You might be a gun control activist if…
You think Shannon watts makes a lot of sense if people would just listen to her.
You think that Shannon could deliver her message more effectively if she talked slow and loud, like you do when visiting foreign countries.
You’ve had a pot luck supper at Michael Bloomberg’s house.
You’ve smoked pot with Michael Bloomberg.
You think that the FBI has fudged crime statistics data for the past 20 years because Wayne LaPierre takes them out for CiCi’s pizza every Tuesday.
You’ve ever said “If it could save just one life…”
You’ve never used the phrase “If it could save just one life” when it comes to drunk driving, swimming pool drownings, or car accidents.
You’ve ever uttered the words “If it could save just one life” while drinking a glass of wine by your swimming pool.

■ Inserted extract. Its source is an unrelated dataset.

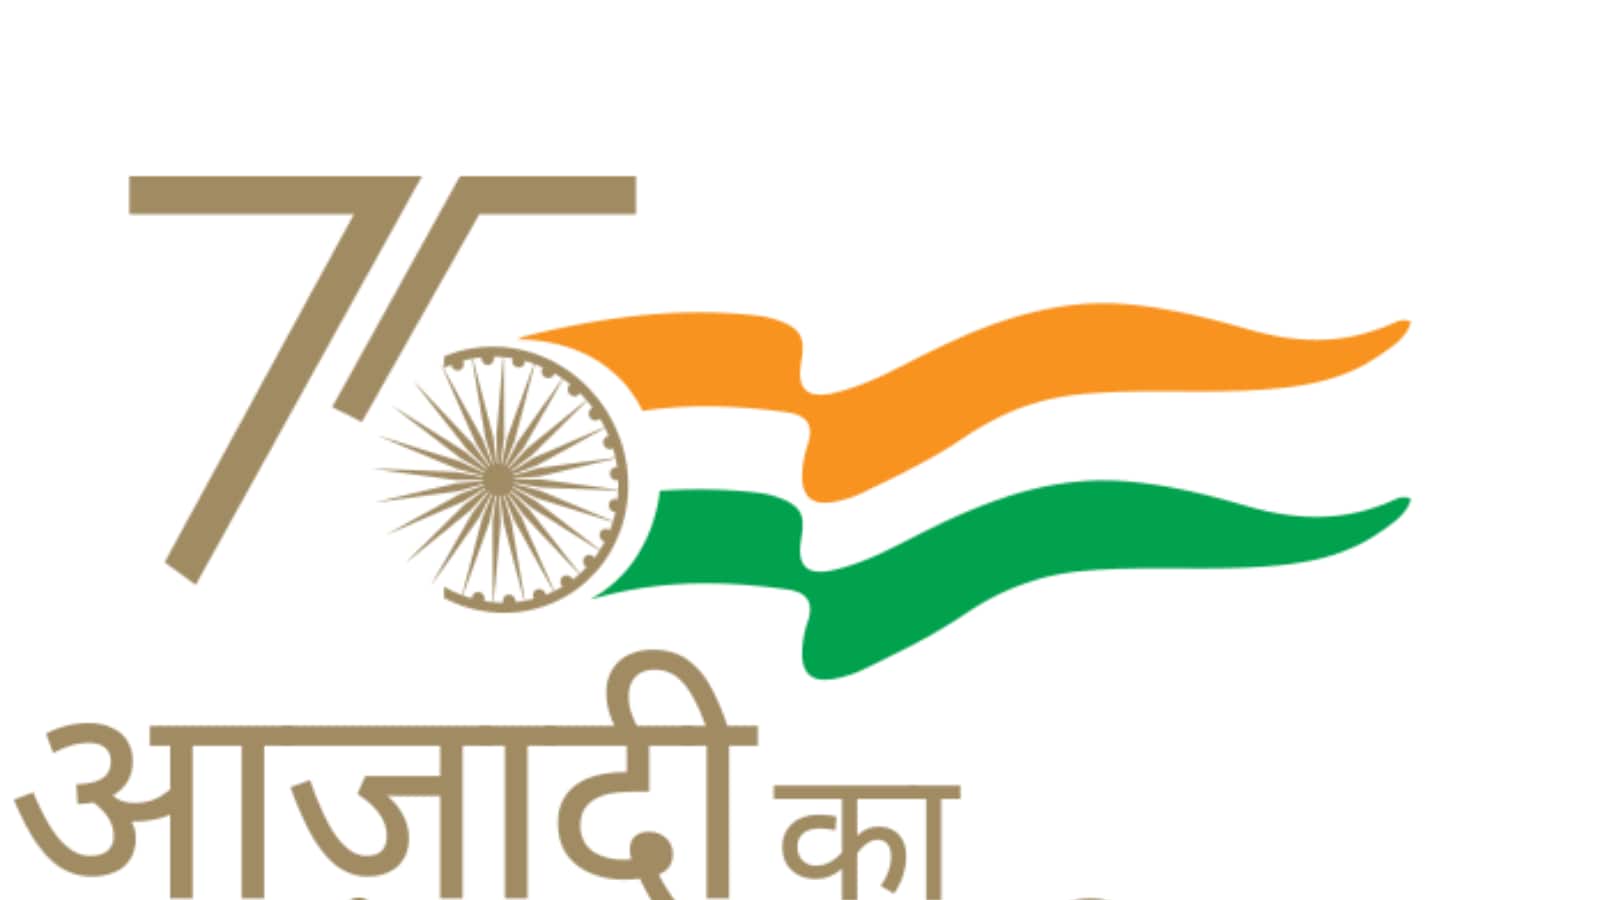 How to draw 75th Anniversary of Indian Independence / Azadi Ka Amrit  Mahotsav Logo

You’re convinced that law abiding citizens, who take a class, submit fingerprints, get probed by the FBI and wait months for a permit, are the root cause of drive by shootings.
You have to believe that guns in the hands of law-abiding Americans are more of a threat than nuclear weapons, terrorism and the unchecked spread of Shake Weight use.
That millions of Americans who knew how to shoot didn’t make all that much difference when it came to winning World Wars I and II. Everyone knows the French turned the tide in our favor.
You believe that Riker’s Island inmates are more scared of “No guns allowed” signs than clowns, Freddie Kreuger or Rosie O’Donnell.
You choose not to remember that the biggest, baddest assault weapons in existence were owned by private citizens when the 2nd Amendment was written.
You believe you are 937 times more likely to die by spontaneous combustion or killer bunions if you have a gun in your home.
You think that the people with the least amount of relevant knowledge have all the great ideas.